Organic electroluminescent display device and method for manufacturing same {Organic Electroluminescence Device And Method For Fabricating Of The Same}

The present invention relates to an organic light emitting display device and a manufacturing method thereof, and more particularly, to an organic light emitting display device and a method for manufacturing the organic light emitting display for sealing the substrate and the sealing substrate with a glass frit.

Recently, a flat panel type such as a liquid crystal display device, an organic electroluminescence device, or a plasma display panel that solves the shortcomings of conventional display devices such as cathode ray tubes. Flat panel display devices are attracting attention.

Since the liquid crystal display is not a light emitting device but a light receiving device, there is a limit in brightness, contrast, viewing angle, and large area, and although the PDP is a light emitting device, it is heavier in weight and consumes more power than other flat panel displays. In addition, there is a problem that the manufacturing method is complicated.

On the other hand, since the organic light emitting display device is a self-luminous element, it is excellent in viewing angle, contrast, etc., and because it does not need a backlight, it is possible to be lightweight and thin, and is advantageous in terms of power consumption. In addition, since it is possible to drive a DC low voltage, fast response speed, and all solid, it is resistant to external shock, wide use temperature range, and has a simple and inexpensive manufacturing method.
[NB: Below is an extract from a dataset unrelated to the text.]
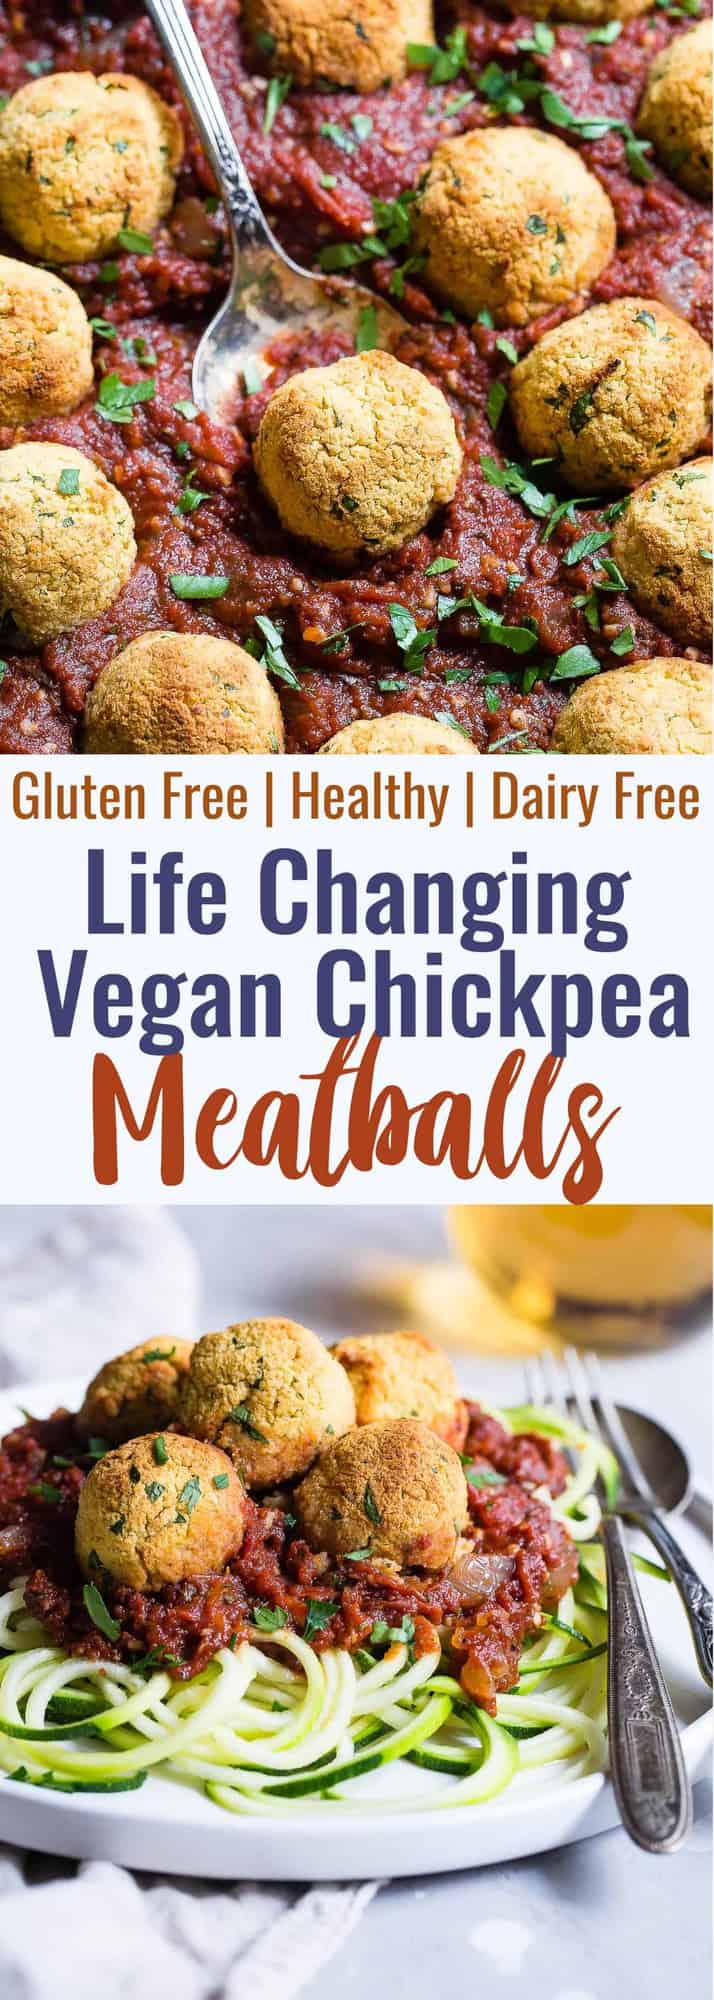 Gluten free vegan chickpea meatballs with tomato sauce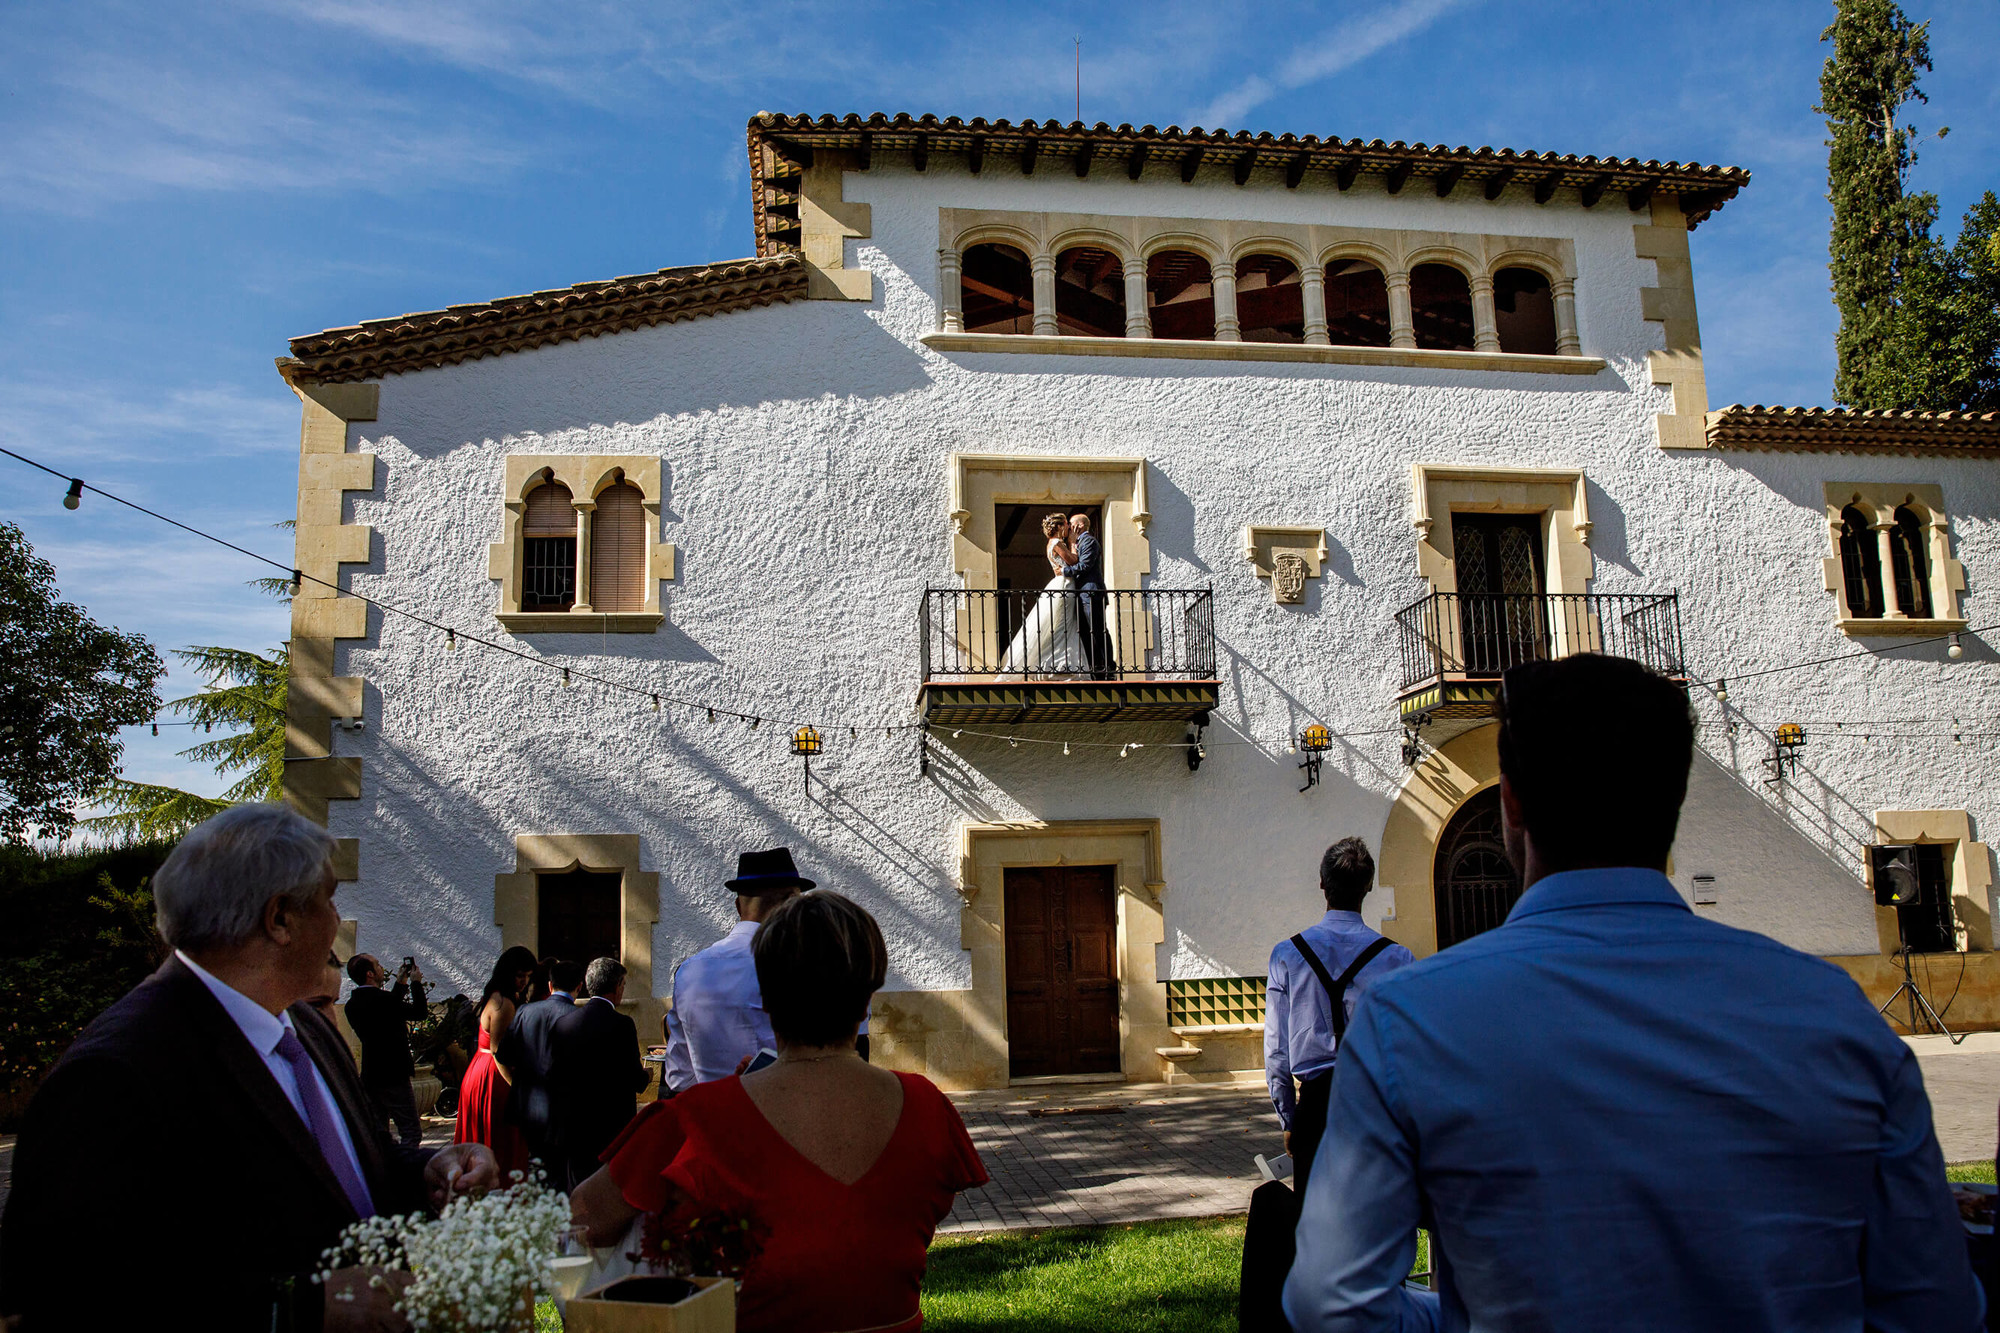 Els nuvis al balcó de la façana després del casament a Masia Torreblanca.

1 is a cross-sectional view of an organic light emitting display device according to the prior art.

Referring to FIG. 1, a substrate 100 is provided, and an organic light emitting diode 110 is formed on the substrate 100. The organic light emitting diode 110 includes a first electrode, an organic layer including at least a light emitting layer, and a second electrode.

The semiconductor device may further include a thin film transistor including a semiconductor layer, a gate electrode, and a source / drain electrode.

Subsequently, the encapsulation substrate 120 is provided, a glass frit 130 is formed on one surface of the substrate 100 or the encapsulation substrate 120, and the substrate 100 and the encapsulation substrate 120 are bonded to each other.

Thereafter, the glass frit 130 is irradiated with a laser to melt and solidify the glass frit 130 to manufacture an organic light emitting display device according to the related art.

However, the melting of the glass frit by the laser irradiation causes the manufacturing cost to increase because the laser irradiation equipment is expensive.

In addition, when irradiating a laser in order to melt the glass frit, the laser is irradiated corresponding to the area where the glass frit is located, so a precise alignment is required, and the process time is long because the laser is irradiated to each area. There is a problem.

SUMMARY OF THE INVENTION The present invention has been made to solve the above-mentioned problems of the prior art, and an object of the present invention is to provide a new method for melting the glass frit in encapsulating the substrate and the sealing substrate with the glass frit.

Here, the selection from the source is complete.